If the name is that common, I would definitely agree with Dave, you need to consult an attorney. An attorney will be able to do proper searches and advise you what is the best course of action. Maybe you can get the word trademarked, maybe you can't. Generic words can be tough to register.

The system is set up to prevent multiple people from using the same brand names for the same type of product. As a general rule, "sight," "sound," and "meaning" are used to determine if two names are similar enough to be considered a conflict (so adding the $ symbol wouldn't help, as "money" and "money$" are basically the same). Either your attorney will find a conflict during the searching phase, or the trademark examining attorney assigned to your application will find a conflict (if this happens, you will not get your application fee back). Either way, you won't be allowed to trademark the name if someone else has a similar name. So the only legal issue you could have is if you continue the using the name after you find out you can't legally use it.


----------



## moneymadness (Dec 3, 2009)

kimura-mma said:


> If the name is that common, I would definitely agree with Dave, you need to consult an attorney. An attorney will be able to do proper searches and advise you what is the best course of action. Maybe you can get the word trademarked, maybe you can't. Generic words can be tough to register.
> 
> The system is set up to prevent multiple people from using the same brand names for the same type of product. As a general rule, "sight," "sound," and "meaning" are used to determine if two names are similar enough to be considered a conflict (so adding the $ symbol wouldn't help, as "money" and "money$" are basically the same). Either your attorney will find a conflict during the searching phase, or the trademark examining attorney assigned to your application will find a conflict (if this happens, you will not get your application fee back).
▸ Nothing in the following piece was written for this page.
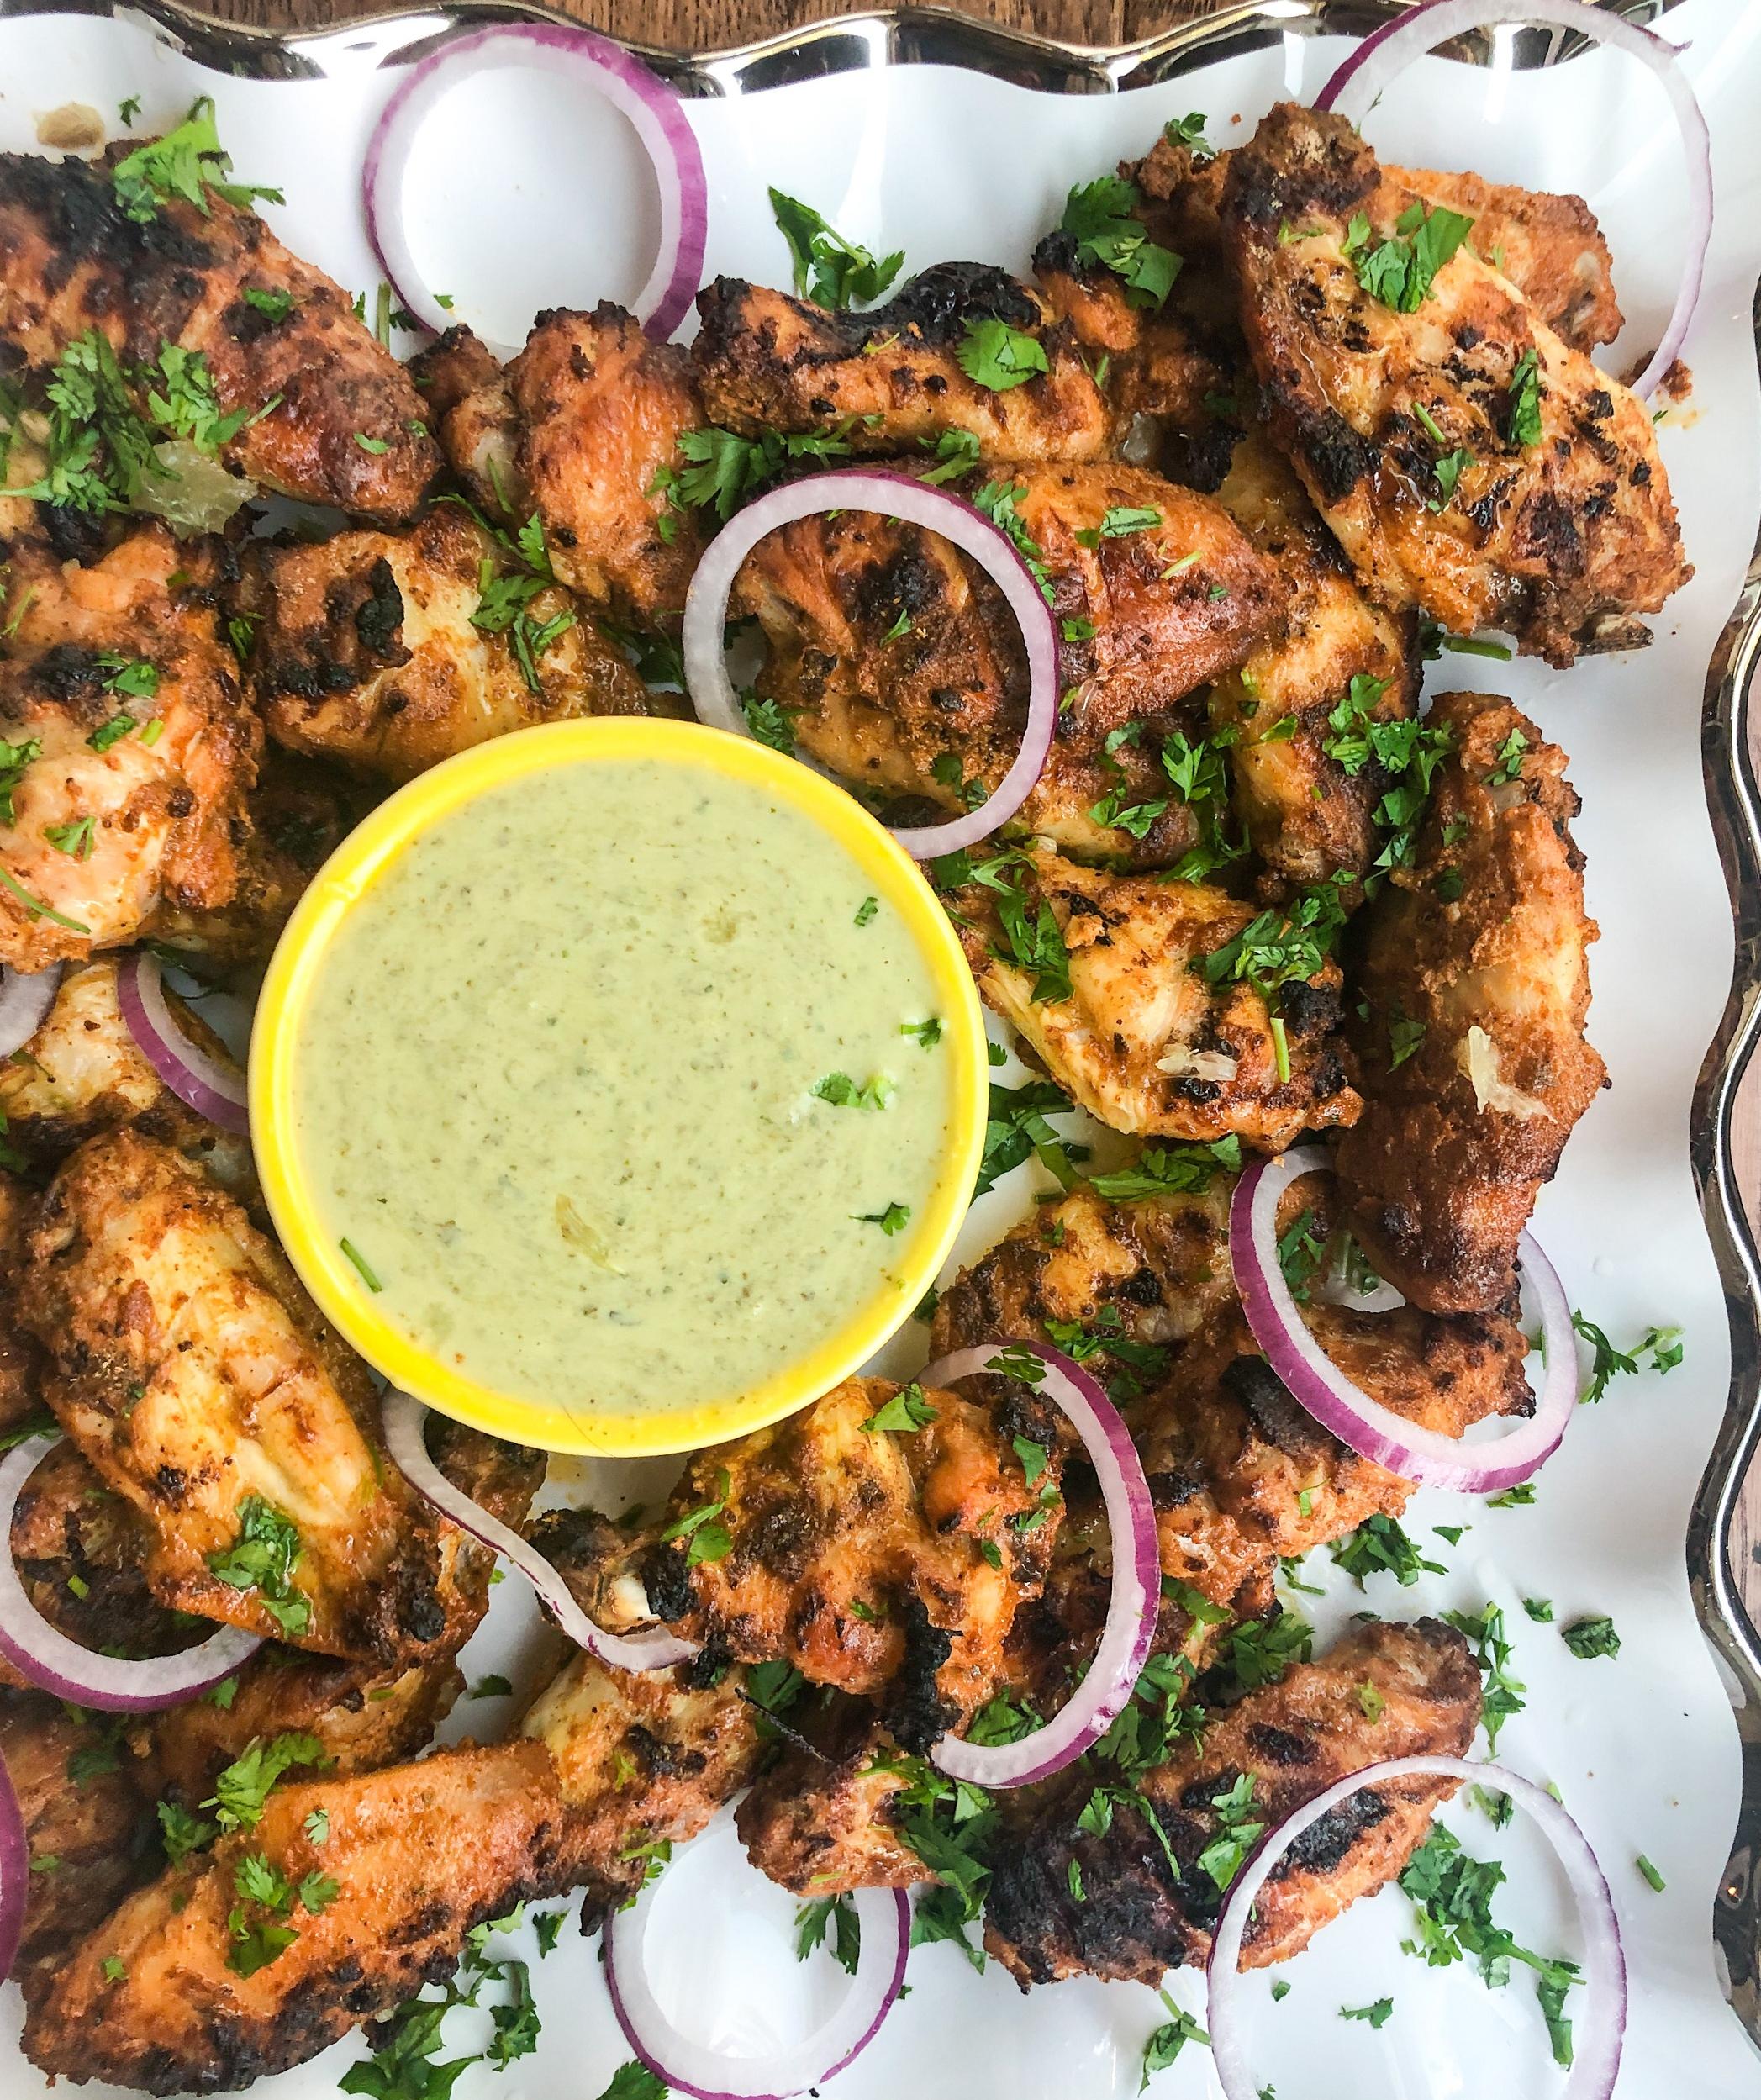  You won't miss the gluten with these crispy chicken tikka wings.

Either way, you won't be allowed to trademark the name if someone else has a similar name. So the only legal issue you could have is if you continue the using the name after you find out you can't legally use it.


do trademark help from someone copy my t-shirts designs or do i need to get each design copyright. also does this keep someone from using your design and quotes. example you see alot of I LOVE NY,I LOVE HATERS,etc.


----------



## kimura-mma (Jul 26, 2008)

moneymadness said:


> do trademark help from someone copy my t-shirts designs or do i need to get each design copyright. also does this keep someone from using your design and quotes. example you see alot of I LOVE NY,I LOVE HATERS,etc.


Trademarking only protects the brand name or logo that is registered. To protect a design, you would to copyright it separately. Quotes, phrases, slogans, etc used on t-shirts would need to be trademarked separately if you wanted to protect them.

Two things to note...
When you copyright a design, you only have ownership of the exact design. If someone used the same concept, but designed it differently, that would be legal for them to do so.

Registering a design, brand name, logo, etc doesn't actually prevent anyone from stealing and using it. It is up to you to protect your registrations by suing infringers.


----------